19:20:25 <SumitNaiksatam> banix: yes sure
19:20:30 <mandeep> s3wong: That is the machinery to allow us to reason about it, but in the common case of redirect to a service it will be "transparent" to the user
19:20:53 <SumitNaiksatam> banix: just giving an example that the network services management language is different from the policy
19:21:01 <rms_13> does a service plugin needs to be involved?
19:21:03 <banix> SumitNaiksatam: ok
19:21:29 <SumitNaiksatam> rms_13: policy plugin will leverage service plugin as a library
19:22:01 <rms_13> ok and the service plugin is going to play interface into that "black box"
19:22:10 <SumitNaiksatam> or rather thats the proposal for the PoC
19:22:28 <SumitNaiksatam> rms_13: if its a single service, yes
19:22:40 <SumitNaiksatam> rms_13: if its a chain, then the service plugin for a chain does not exist
19:22:51 <SumitNaiksatam> rms_13: actually chain does not exist in neutron :-)
19:23:35 <rms_13> ok, how do we handle that than? Onus is on controller?
19:23:52 <SumitNaiksatam> rms_13: there is no controller assumption here
19:24:03 <SumitNaiksatam> for the PoC i mean
19:24:31 <rms_13> got it
19:24:44 <mandeep> rms_13: The policy identifies what is valid, the implementation decides how to make that happen. For us to use chains, the implementation will have to do chaining first.

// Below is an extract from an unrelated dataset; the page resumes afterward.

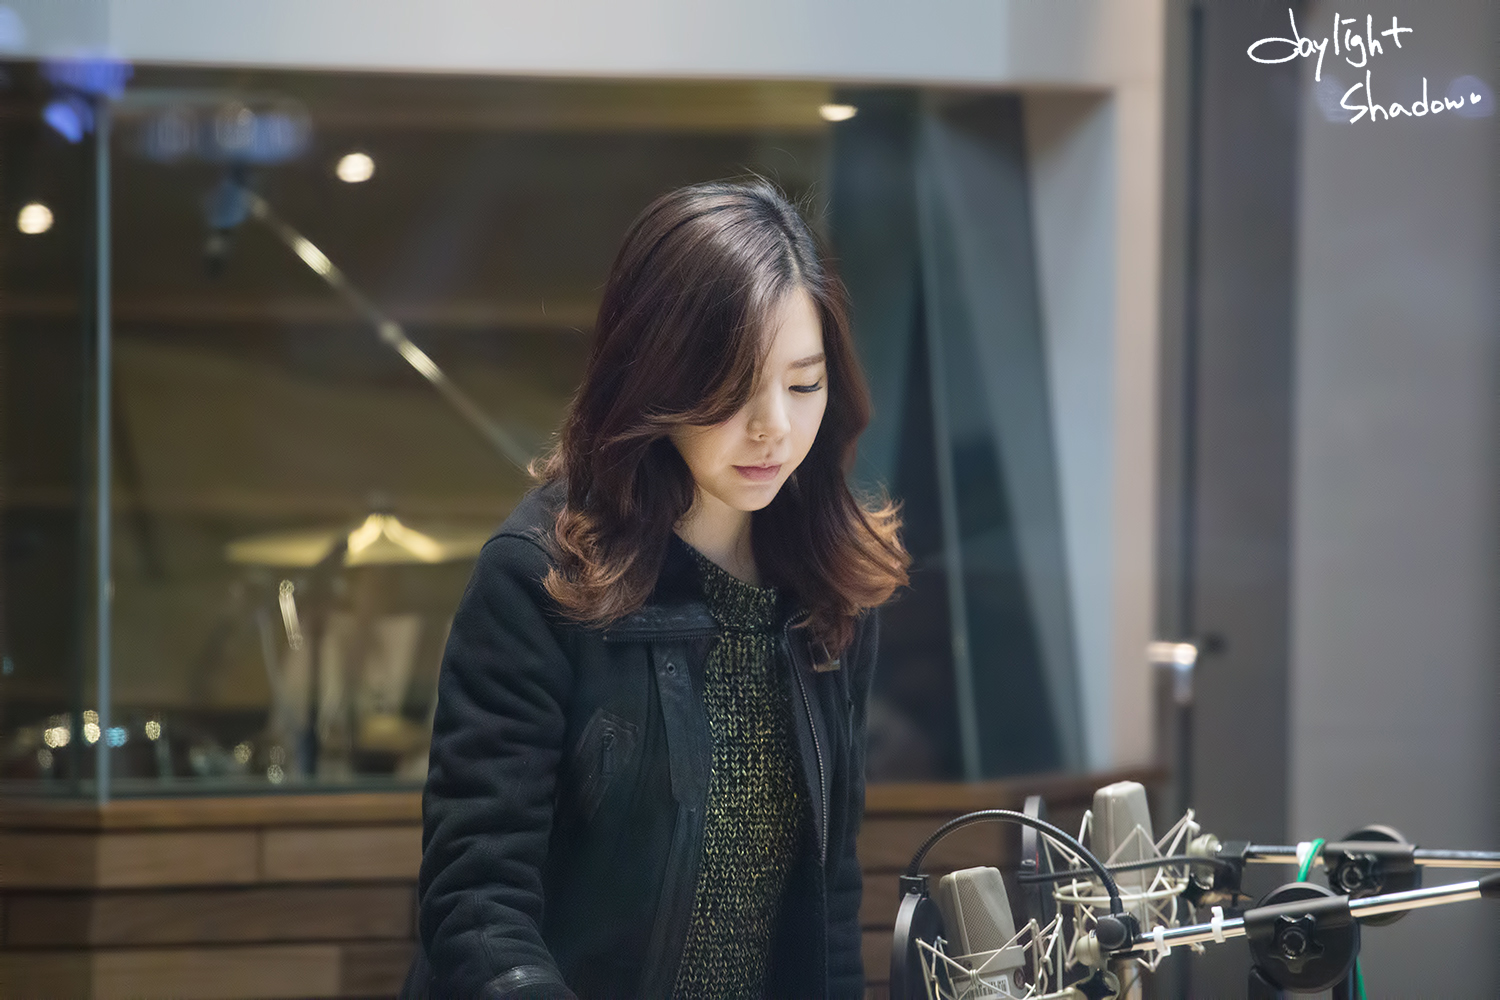 [OTHER][06-02-2015]Hình ảnh mới nhất từ DJ Sunny tại Radio MBC FM4U - "FM Date" - Page 10 2712CC4C5547323418B2A0
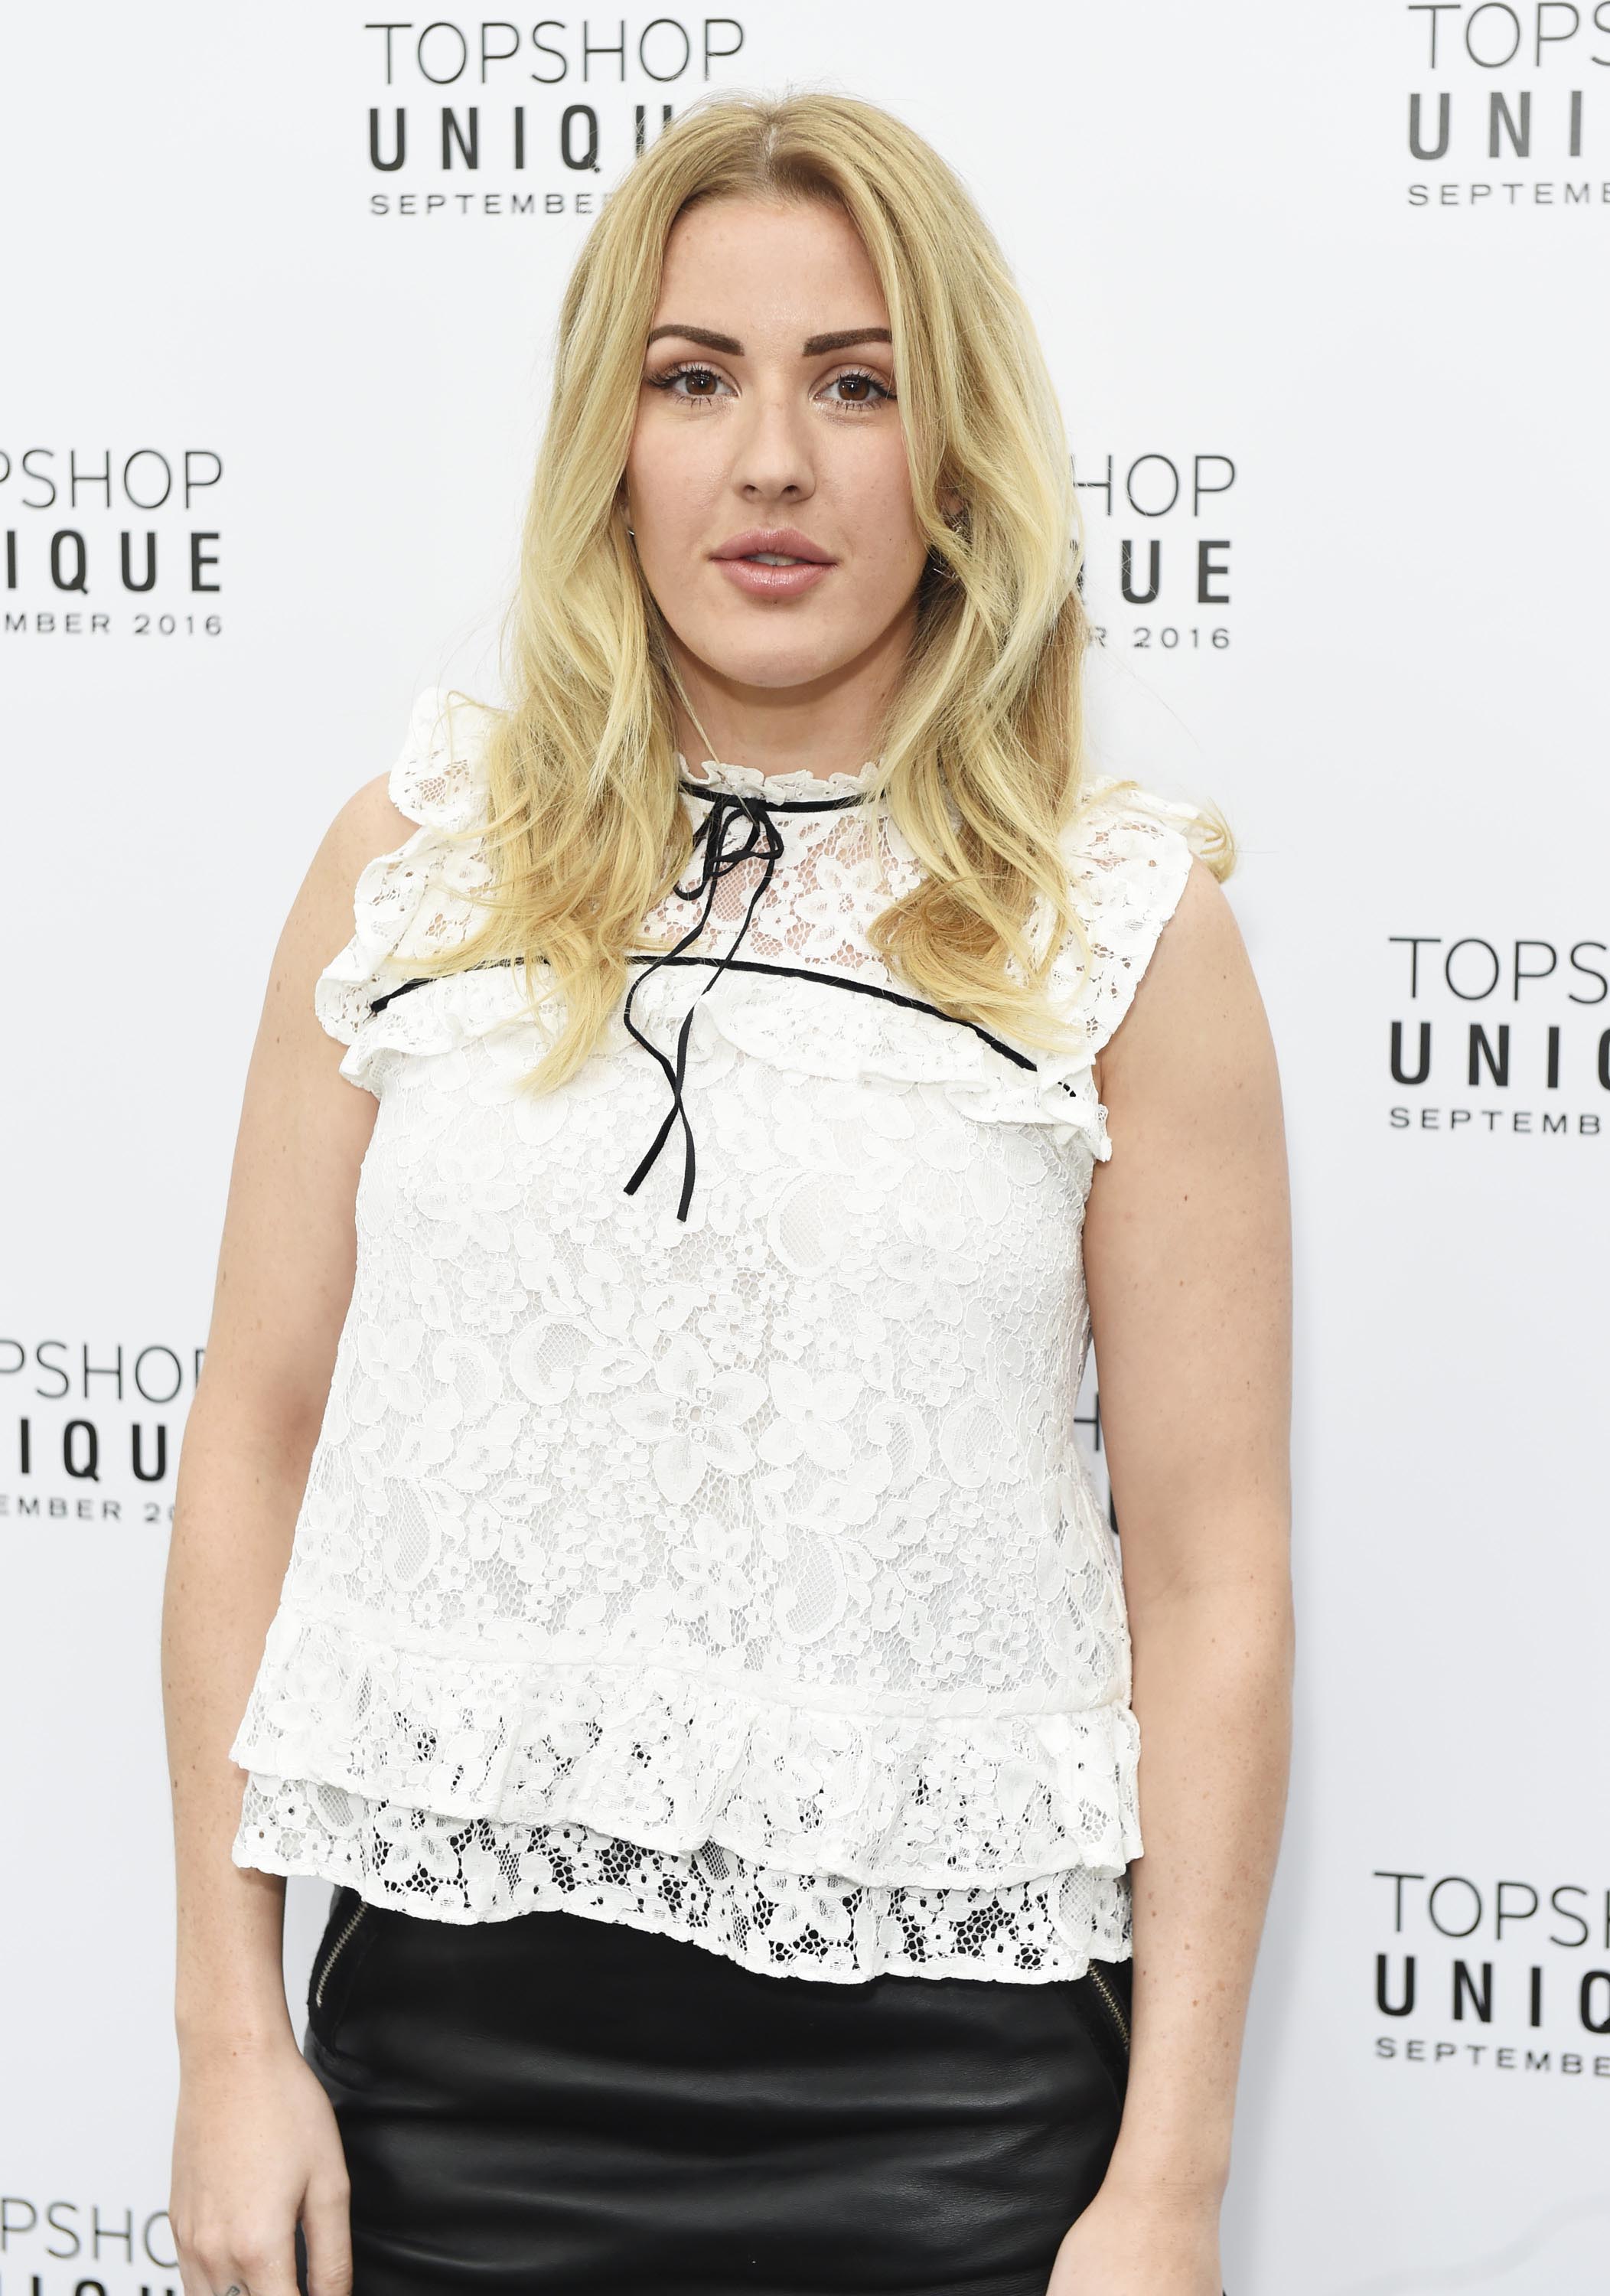 Ellie Goulding attends the Topshop Unique show

19:25:16 <mandeep> rms_13: And the current neutron does not have an implementation for it
19:25:34 <SumitNaiksatam> s3wong: sorry missed your earlier point on the label
19:25:39 <rms_13> I understand that. I was not sure where we are putting intellegence to do it.
19:25:58 <rms_13> plugin or its driver or controller
19:26:13 <s3wong> SunitNaiksatam: it is OK, mandeep commented on it above :-)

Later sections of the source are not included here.